Exercise goal ▸
Write out, word for word, the first line of the data below and every line after it through the one containing "130 мл фото".

Data to process ▸
^^^^^^^^^^^^^^^^

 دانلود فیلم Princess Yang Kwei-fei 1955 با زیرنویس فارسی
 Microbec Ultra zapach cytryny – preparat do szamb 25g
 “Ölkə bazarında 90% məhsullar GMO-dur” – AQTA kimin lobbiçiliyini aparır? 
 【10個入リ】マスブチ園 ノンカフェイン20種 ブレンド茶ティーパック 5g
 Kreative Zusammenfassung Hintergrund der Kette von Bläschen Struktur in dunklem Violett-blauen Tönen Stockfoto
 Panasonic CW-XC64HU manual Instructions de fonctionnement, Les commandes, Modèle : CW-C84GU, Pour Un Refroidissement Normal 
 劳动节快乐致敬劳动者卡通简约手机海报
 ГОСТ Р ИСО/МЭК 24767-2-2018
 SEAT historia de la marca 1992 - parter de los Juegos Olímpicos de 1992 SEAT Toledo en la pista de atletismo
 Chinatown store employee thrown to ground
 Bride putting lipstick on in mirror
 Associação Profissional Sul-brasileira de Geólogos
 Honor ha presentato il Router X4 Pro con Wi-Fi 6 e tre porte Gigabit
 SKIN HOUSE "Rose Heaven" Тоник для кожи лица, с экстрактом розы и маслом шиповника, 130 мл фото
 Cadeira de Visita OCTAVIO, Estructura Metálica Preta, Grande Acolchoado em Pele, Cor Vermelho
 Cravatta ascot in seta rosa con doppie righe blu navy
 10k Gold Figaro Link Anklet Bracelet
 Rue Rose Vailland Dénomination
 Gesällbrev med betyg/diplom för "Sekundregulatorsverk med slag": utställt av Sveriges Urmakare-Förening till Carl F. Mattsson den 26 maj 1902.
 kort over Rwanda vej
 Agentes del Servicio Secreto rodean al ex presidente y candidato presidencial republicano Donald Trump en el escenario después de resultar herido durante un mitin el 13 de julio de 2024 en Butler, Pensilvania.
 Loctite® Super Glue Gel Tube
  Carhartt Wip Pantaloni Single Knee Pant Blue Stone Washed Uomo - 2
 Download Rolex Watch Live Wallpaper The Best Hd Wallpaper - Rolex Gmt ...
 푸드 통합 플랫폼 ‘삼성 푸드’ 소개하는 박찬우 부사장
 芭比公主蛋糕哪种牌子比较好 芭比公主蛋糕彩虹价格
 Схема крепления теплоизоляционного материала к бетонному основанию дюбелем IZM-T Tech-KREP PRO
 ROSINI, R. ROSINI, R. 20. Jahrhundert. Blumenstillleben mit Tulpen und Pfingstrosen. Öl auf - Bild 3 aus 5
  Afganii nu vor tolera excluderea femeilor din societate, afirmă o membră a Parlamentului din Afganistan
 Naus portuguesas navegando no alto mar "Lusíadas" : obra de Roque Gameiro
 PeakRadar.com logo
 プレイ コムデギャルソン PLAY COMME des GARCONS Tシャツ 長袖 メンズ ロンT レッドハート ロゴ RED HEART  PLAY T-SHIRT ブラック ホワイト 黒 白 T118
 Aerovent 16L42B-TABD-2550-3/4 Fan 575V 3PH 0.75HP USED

^^^^^^^^^^^^^^^^

Result of this task ▸
 دانلود فیلم Princess Yang Kwei-fei 1955 با زیرنویس فارسی
 Microbec Ultra zapach cytryny – preparat do szamb 25g
 “Ölkə bazarında 90% məhsullar GMO-dur” – AQTA kimin lobbiçiliyini aparır? 
 【10個入リ】マスブチ園 ノンカフェイン20種 ブレンド茶ティーパック 5g
 Kreative Zusammenfassung Hintergrund der Kette von Bläschen Struktur in dunklem Violett-blauen Tönen Stockfoto
 Panasonic CW-XC64HU manual Instructions de fonctionnement, Les commandes, Modèle : CW-C84GU, Pour Un Refroidissement Normal 
 劳动节快乐致敬劳动者卡通简约手机海报
 ГОСТ Р ИСО/МЭК 24767-2-2018
 SEAT historia de la marca 1992 - parter de los Juegos Olímpicos de 1992 SEAT Toledo en la pista de atletismo
 Chinatown store employee thrown to ground
 Bride putting lipstick on in mirror
 Associação Profissional Sul-brasileira de Geólogos
 Honor ha presentato il Router X4 Pro con Wi-Fi 6 e tre porte Gigabit
 SKIN HOUSE "Rose Heaven" Тоник для кожи лица, с экстрактом розы и маслом шиповника, 130 мл фото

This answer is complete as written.